Study Rationale:
Protein trafficking is the process by which proteins are transported from where they’re made to where they’re needed inside cells. Defects in trafficking cause proteins to accumulate inside cells, and this puts the cells under stress. In the case of neurons, this stress can lead to neuronal death. We are applying a technology that allows us to track proteins inside cells to create a screen for compounds that restore proper trafficking, relieving neurons from this extra stress and hopefully preventing neurodegeneration.
Hypothesis:
We believe that our Fluorogen Activating Peptide technology can be used to create a high-speed drug screening assay (experiment) to search for compounds that will restore proper trafficking of mutated Glucocerebrosidase (GCase), a protein trafficking defect highly correlated with Parkinson’s disease.
Study Design:
Using our trafficking assay technology, we will create cells that model the trafficking defect seen in humans. We will create cells that have normal GCase, and cells that contain the most common GCase mutations. We will then verify defective trafficking of the mutants, and normal trafficking for normal GCase. This assay will become the basis for a high-speed drug screening assay.

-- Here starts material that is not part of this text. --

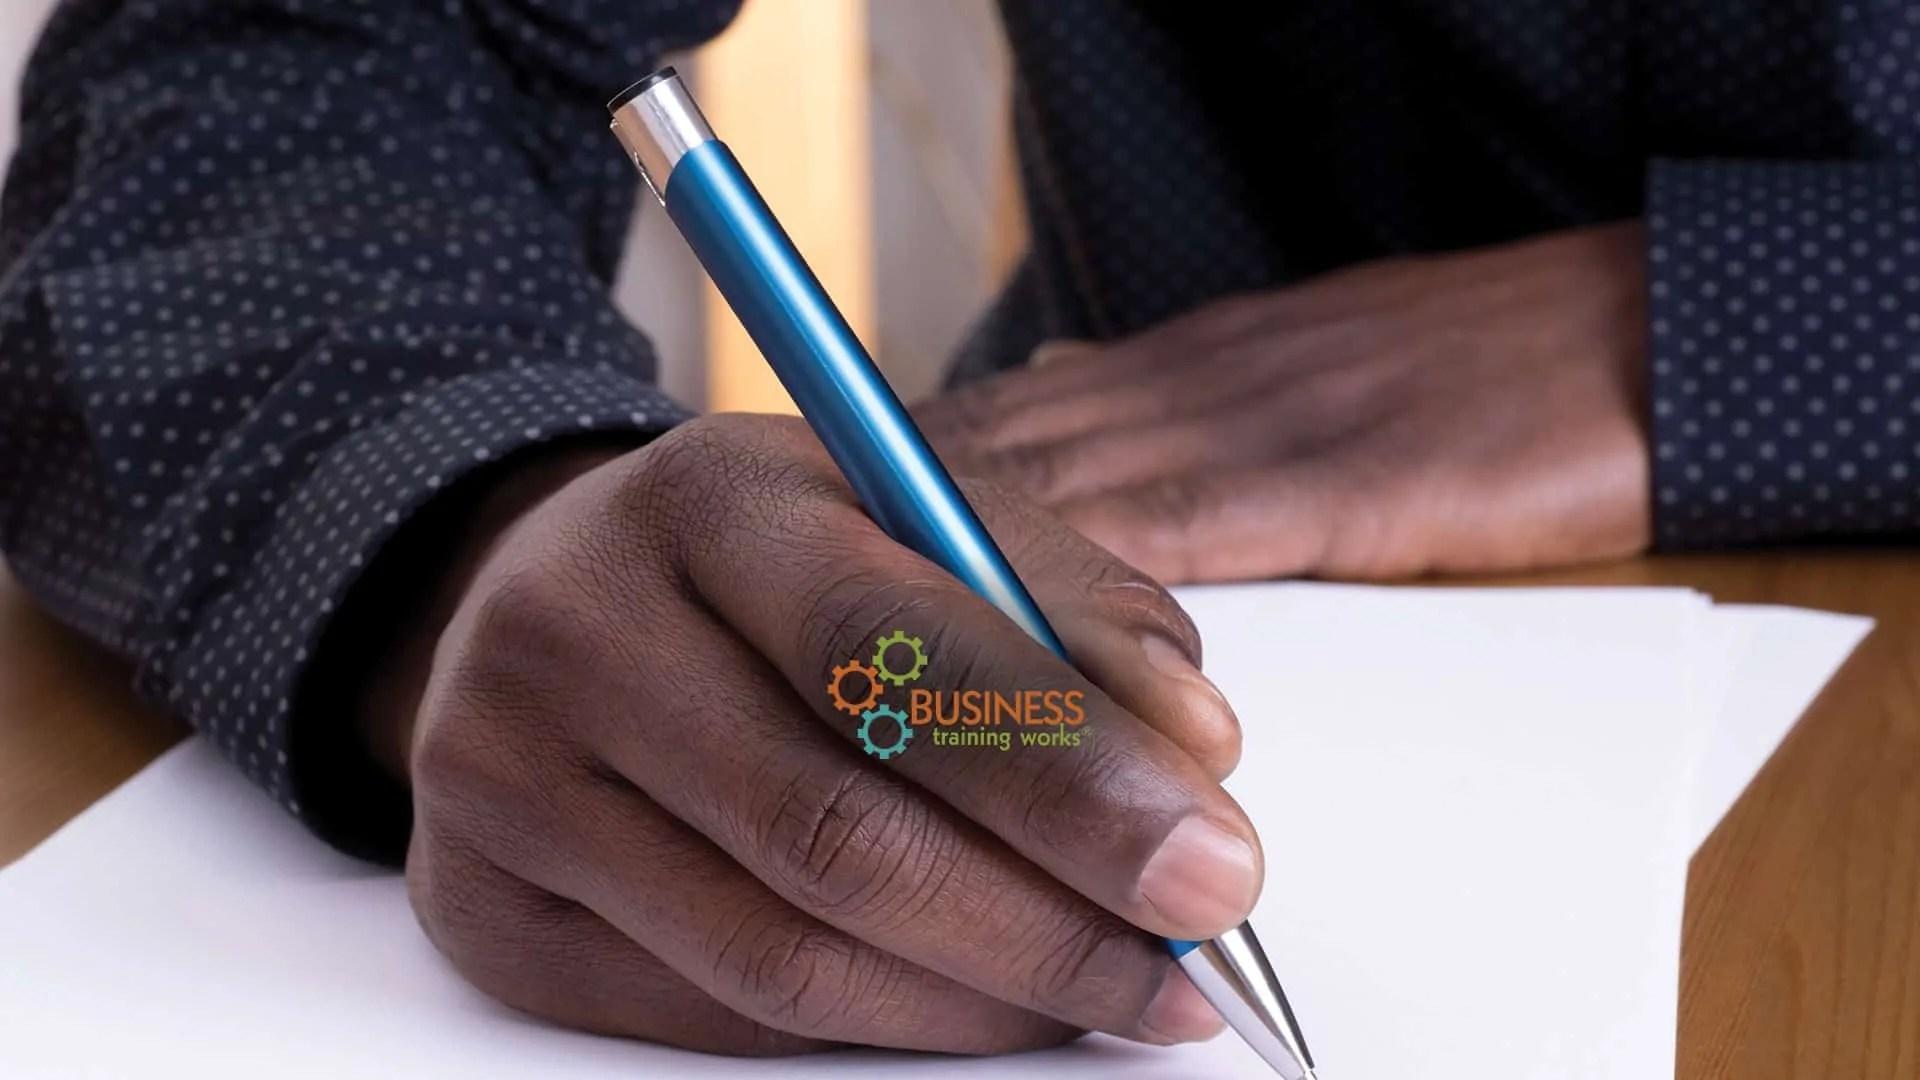 Web-Based-Business Writing Course

Impact on Diagnosis/Treatment of Parkinson’s Disease:
GCase mutation is one of the most common risk indicators for Parkinson’s. A drug that corrects this defect could be used in patients that test positive for these mutations, yielding a truly targeted, personalized Parkinson’s therapy.
Next Steps for Development:
Following successful development of the drug screening assay, we will progress to screening compound libraries for potential lead compounds as part of a drug discovery effort. We plan to also make these assays available for use by other researchers.